U.S. federal budget gap tops $1 trillion through June
In its monthly budget report, the Treasury Department said Tuesday that through the first nine months of this budget year, the deficit totals $1 trillion. That's down 7.6 percent from the $1.09 trillion deficit run up during the same period a year ago.
Worries about the size of the deficit have created political problems for the Obama administration.
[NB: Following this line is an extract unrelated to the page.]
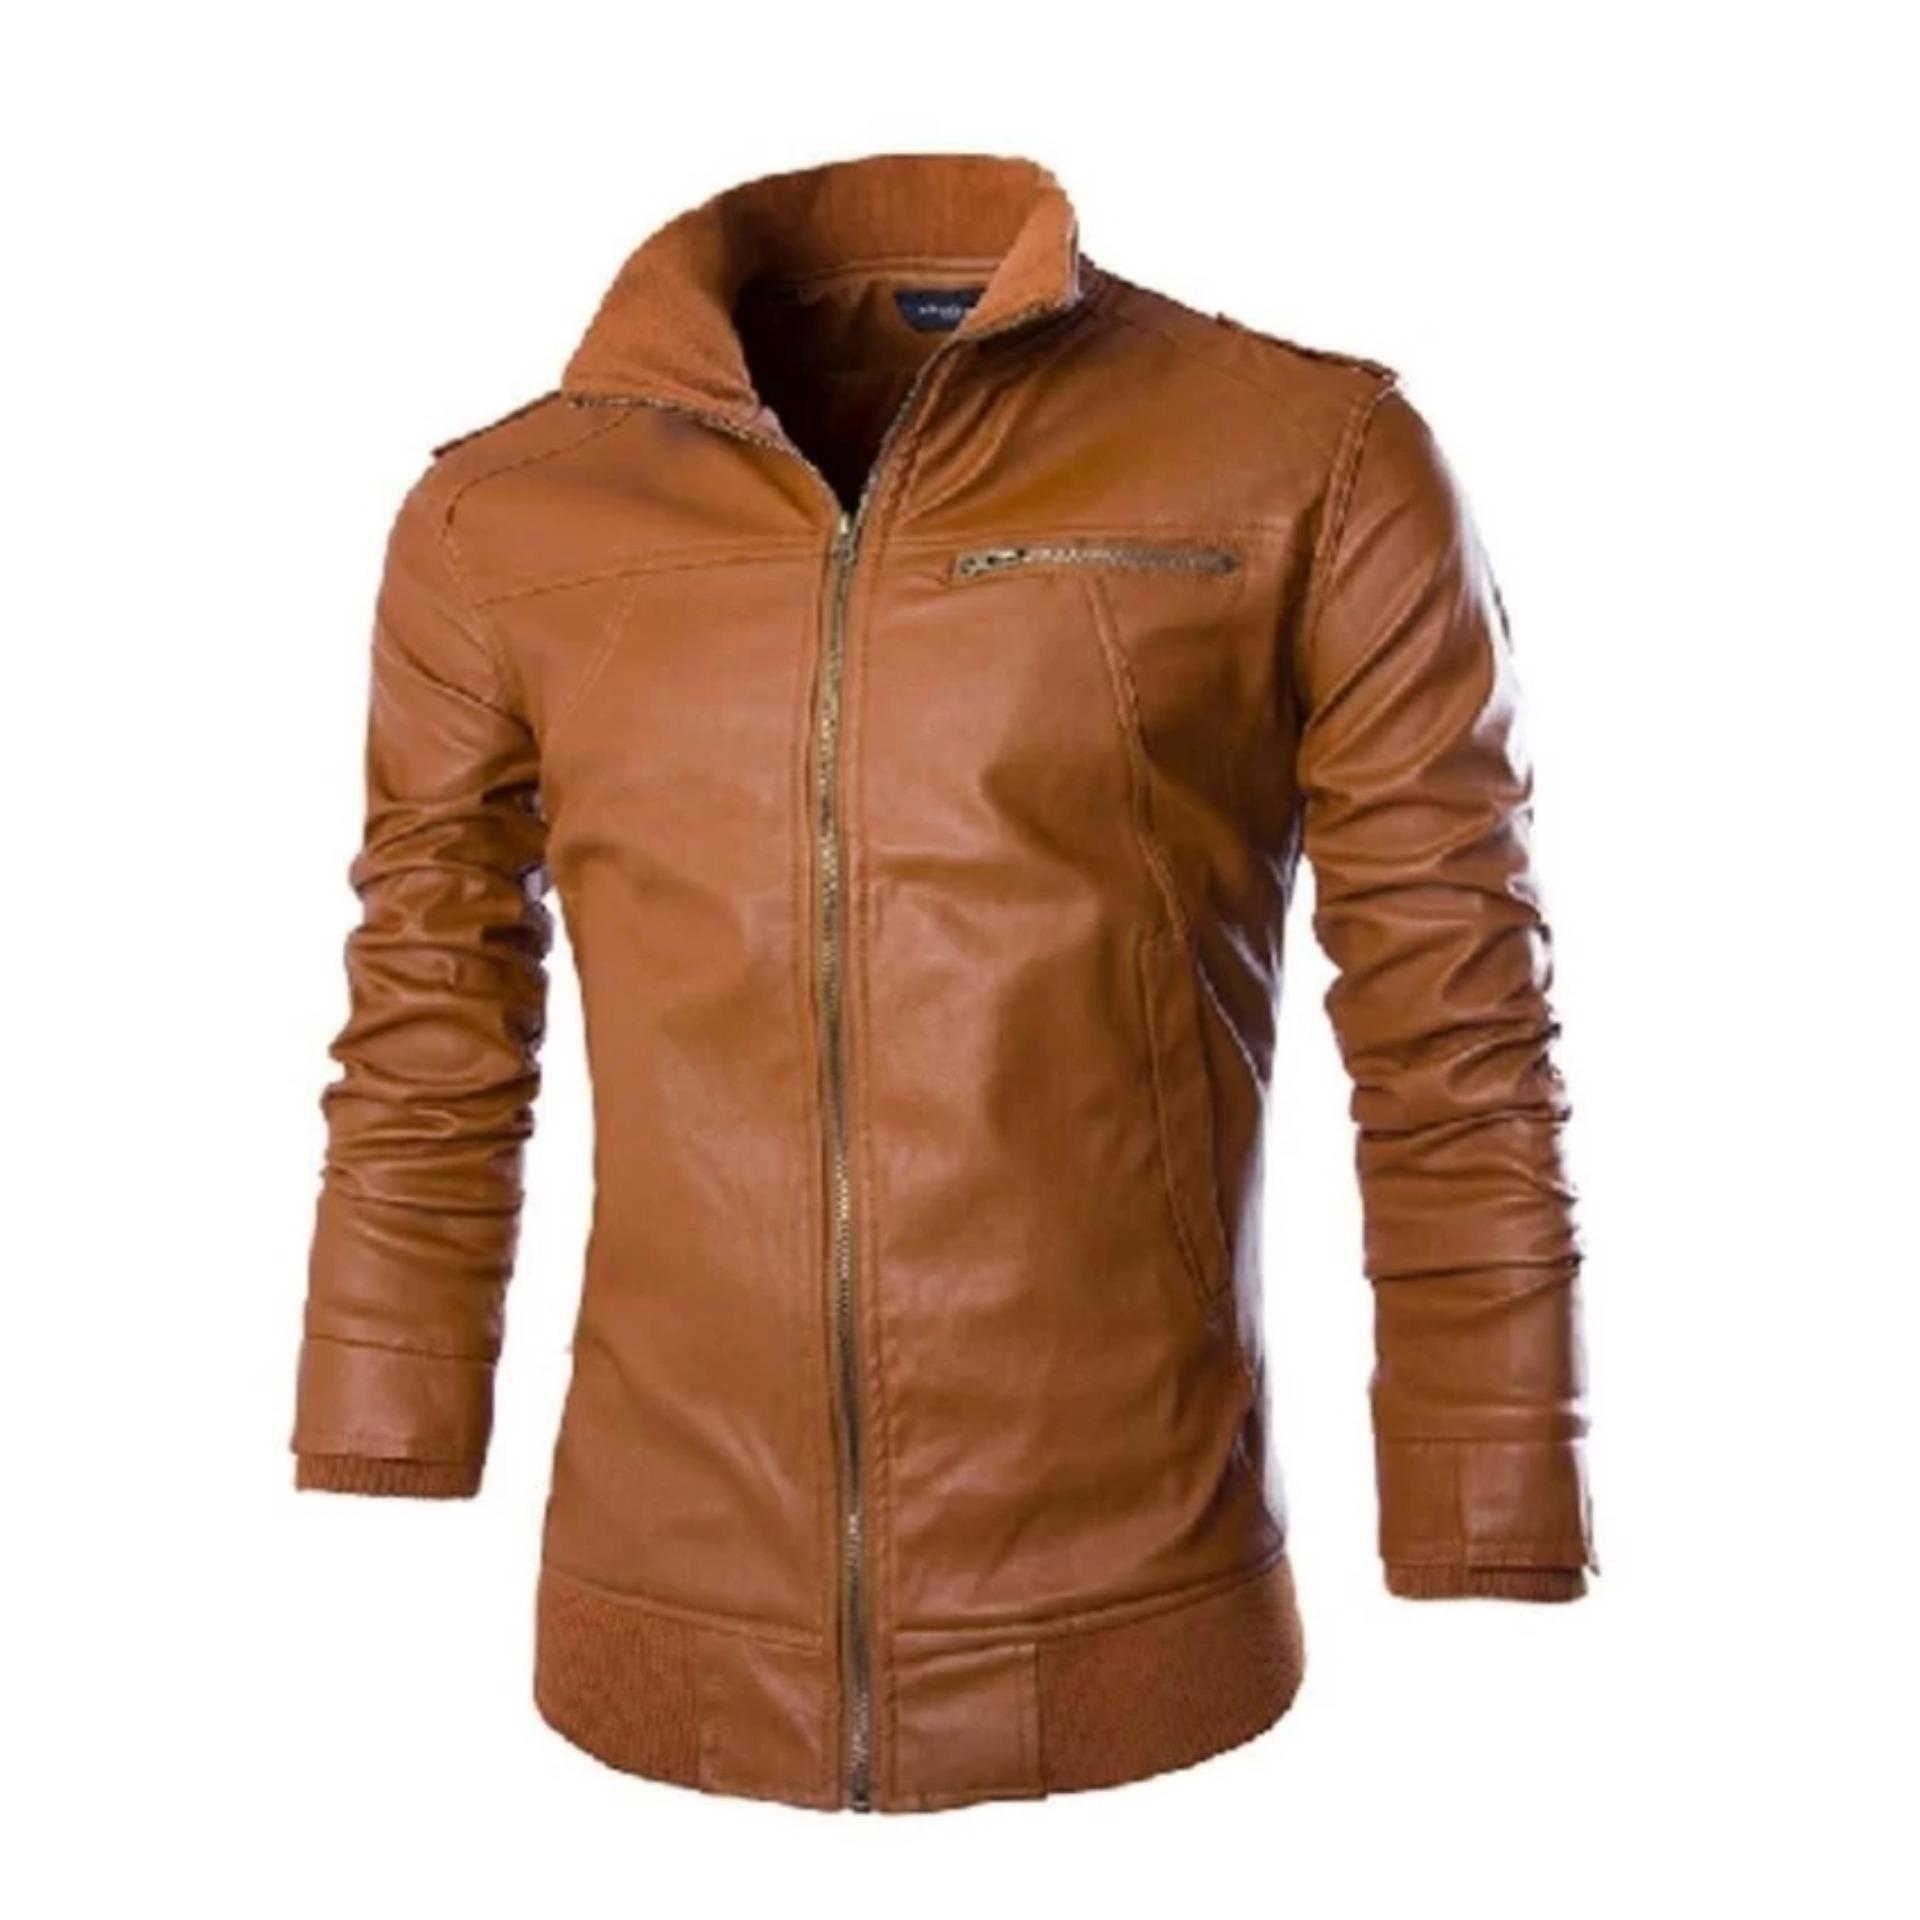 prada leather jacket mens price

Congressional Republicans and moderate Democrats have blocked more spending on job creation and other efforts. Republicans also have held up legislation to extend unemployment benefits for the long-term jobless because of its effect on the deficit.
Another failed effort would have provided cash-starved states with money to help avoid layoff of public employees and finance the Medicaid program for the poor and disabled.
President Barack Obama also encountered resistance to further stimulus spending at a meeting of the Group of 20 major industrial nations last month in Toronto.
Obama expressed concerns about the risks to a fragile global recovery from withdrawing spending too soon. But the G-20 adopted targets to cut deficits in half as a percentage of their economies over three years.
The deficit in the federal budget in June totaled $68.4 billion, the second highest June deficit on record, but down from the all-time high of $94.3 billion in June 2009, a month when the government was spending heavily to stabilize the financial system and jump-start economic growth.